Gene-for-gene interactions helps determine the evolutionary dynamics of rust fungi. Pecanka found that gene-for-gene exerts a fitness cost in the pathogen and host, which affects their life histories. Further research demonstrates that host and pathogen genotypes should be compared side by side . As Woolhouse states, a better understanding of co-evolution involving gene-for-gene interactions could possibly have biomedical importance, which can lead to new ways to fight diseases. Furthermore, Thompson and Burdon review unnatural evolution in agriculture, in which humans manipulate the evolutionary arms race.

Next, gene-for-gene interactions in rust fungi have ecological and economic implications. Zhan et al. experimented with Triphragmium ulmariae and Filipendula ulmaria to examine how increasing temperatures affect pathogen-host interactions.

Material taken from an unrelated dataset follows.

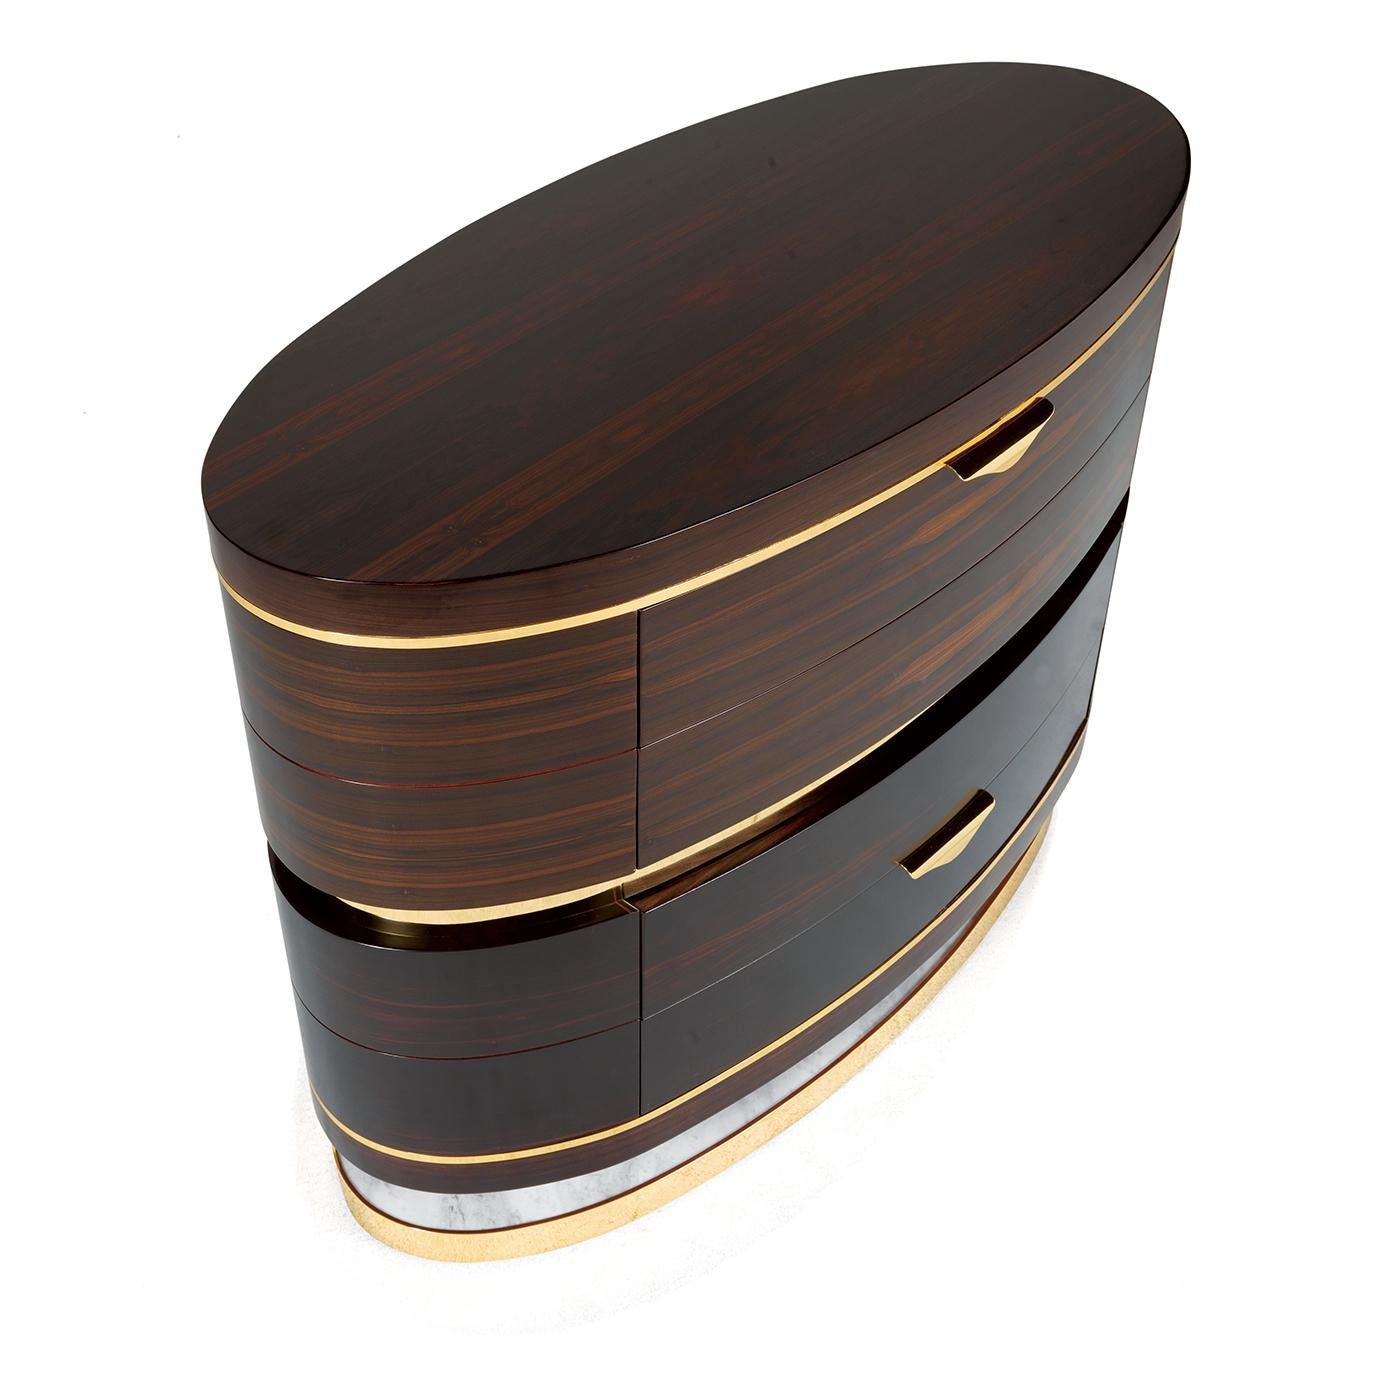 Combining the dark elegance of ebony with the strikingly large grain of the ziricote wood, this oval chest of drawers is a stunning piece of functional decor that will enrich the look of any bedroom. The bold structure rests on a base in brass,

The study found that the rust fungus showed high levels of extinction in warmer climates. This result can help understand how a lack of pathogens might disrupt natural ecosystems and diversity of resistance genes in plants. Finally, Dodds and Rathjen explain how gene-for-gene interactions in rust fungi have economic consequences. They suggest that knowing the genetics and co-evolution of gene-for-gene interactions can help strengthen plant immune systems, which will provide more efficient growth of crops.